§ **The data**
------

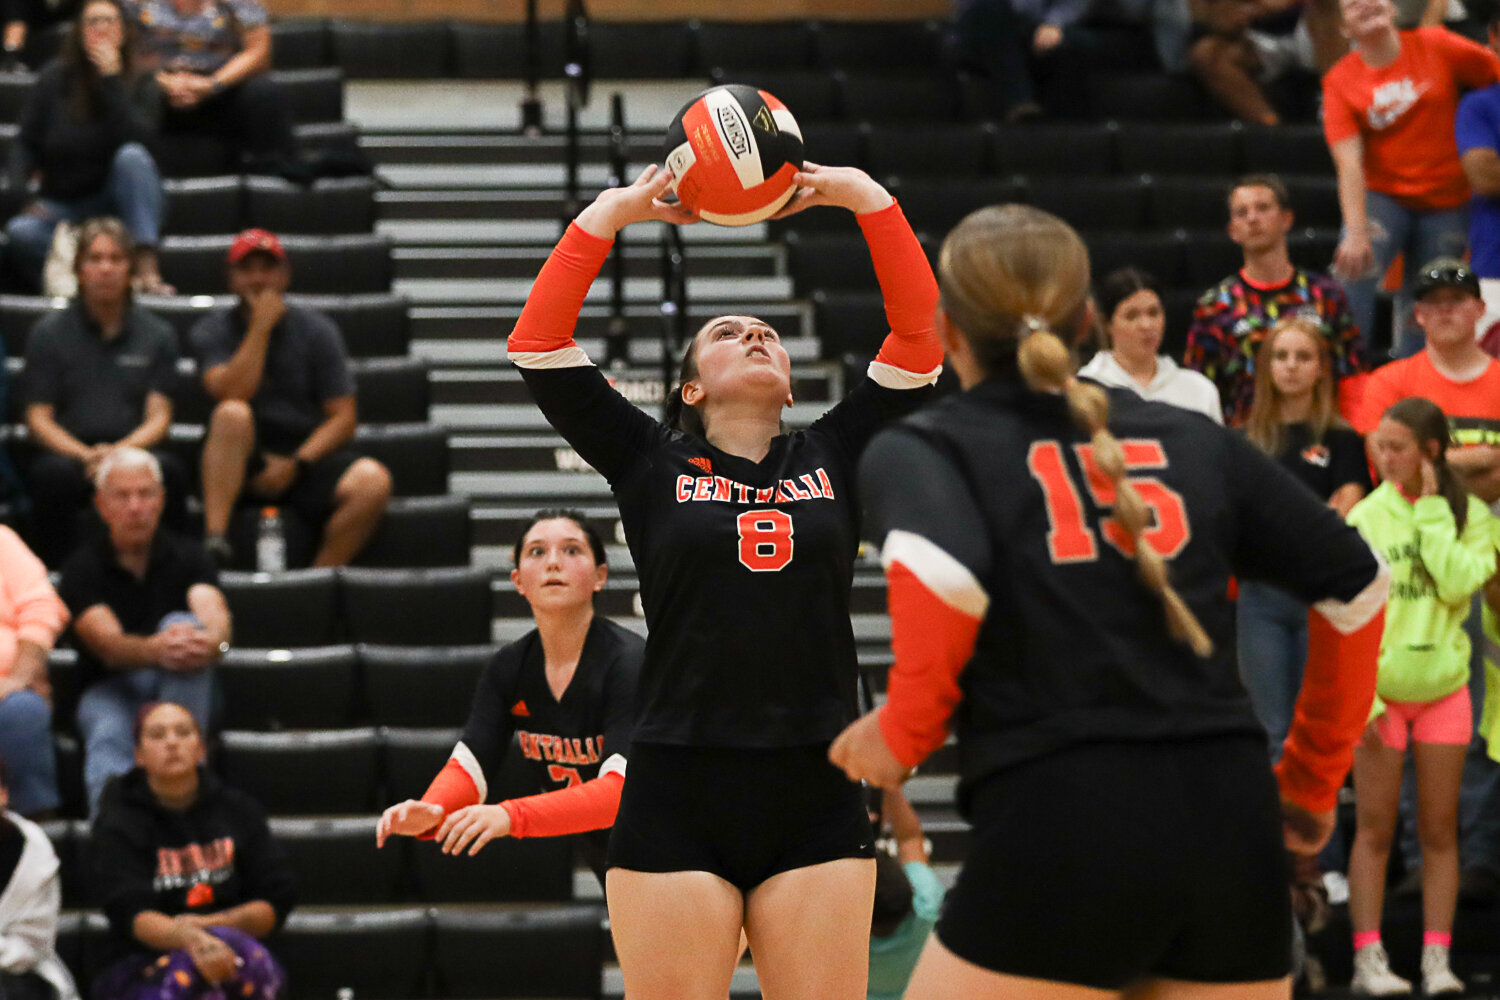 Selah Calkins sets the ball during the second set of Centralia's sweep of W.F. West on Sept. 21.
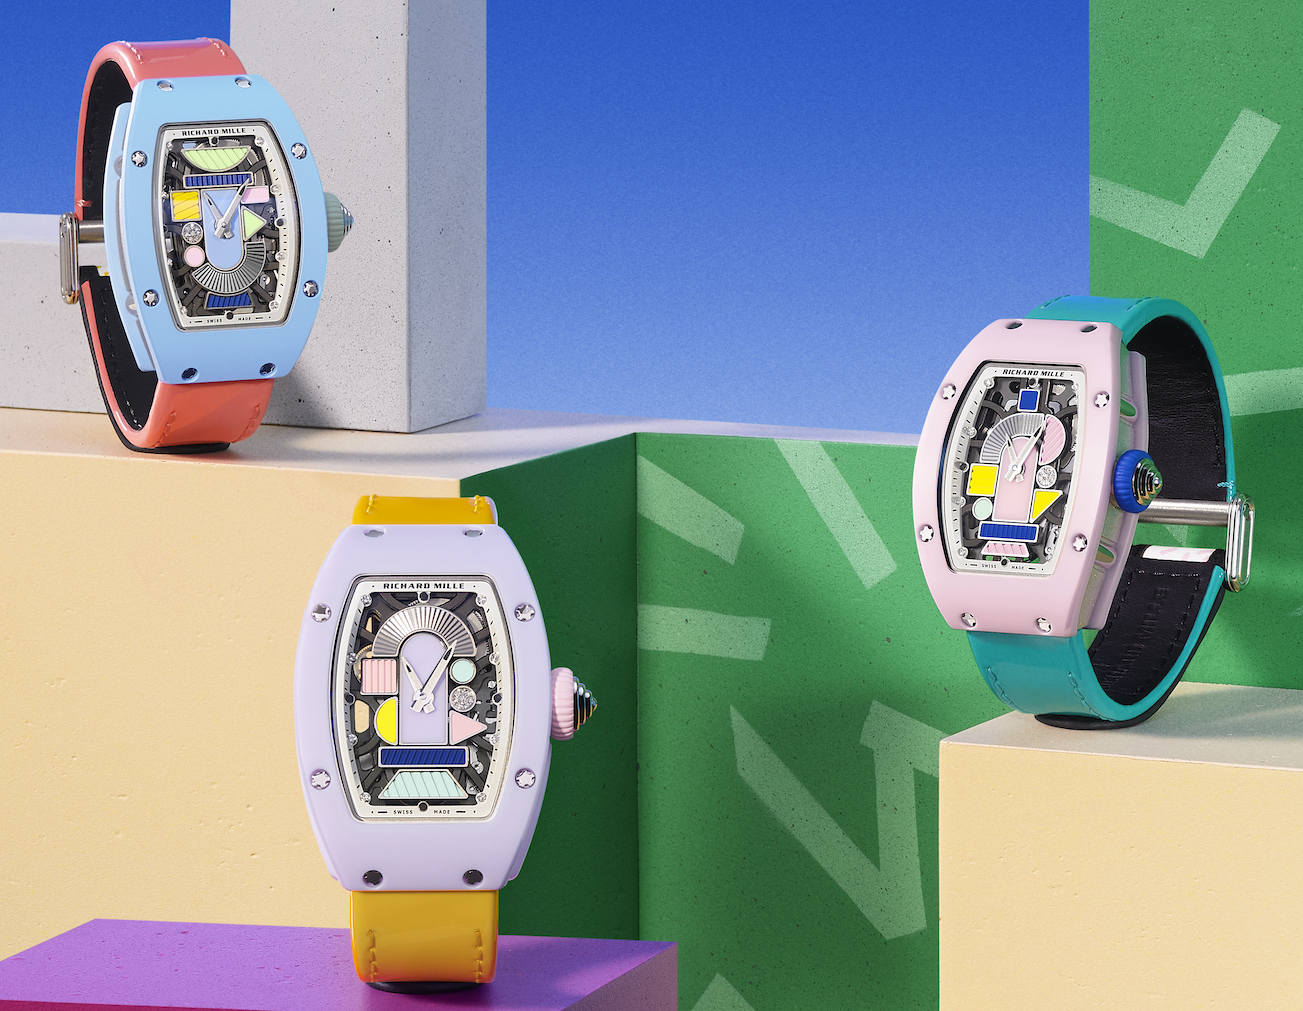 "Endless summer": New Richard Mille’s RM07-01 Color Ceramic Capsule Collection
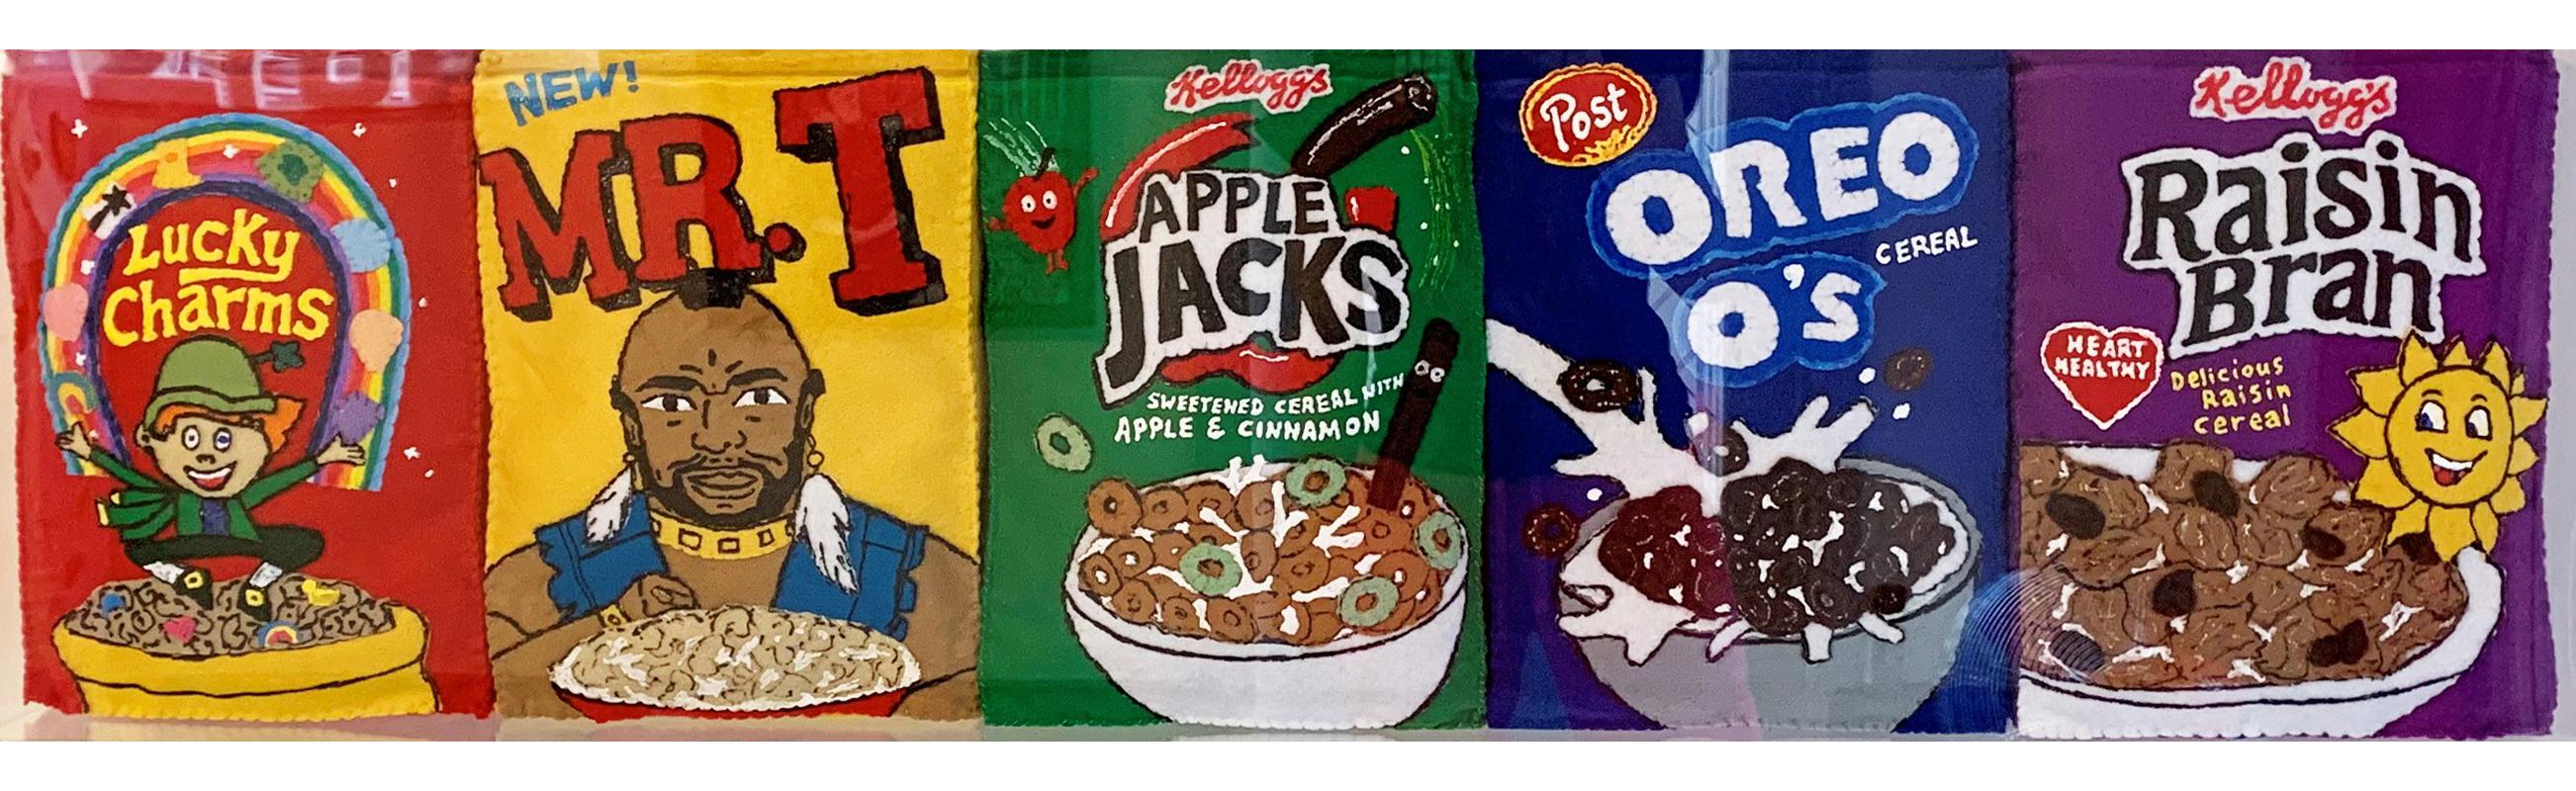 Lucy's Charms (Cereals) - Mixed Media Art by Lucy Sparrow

------

§ **The task**
Leave the pictures out, and copy exactly each line from the one containing "Ceramic Capsule Collection" through the final line of the data.

§ **Answer to the problem**
 "Endless summer": New Richard Mille’s RM07-01 Color Ceramic Capsule Collection
 Lucy's Charms (Cereals) - Mixed Media Art by Lucy Sparrow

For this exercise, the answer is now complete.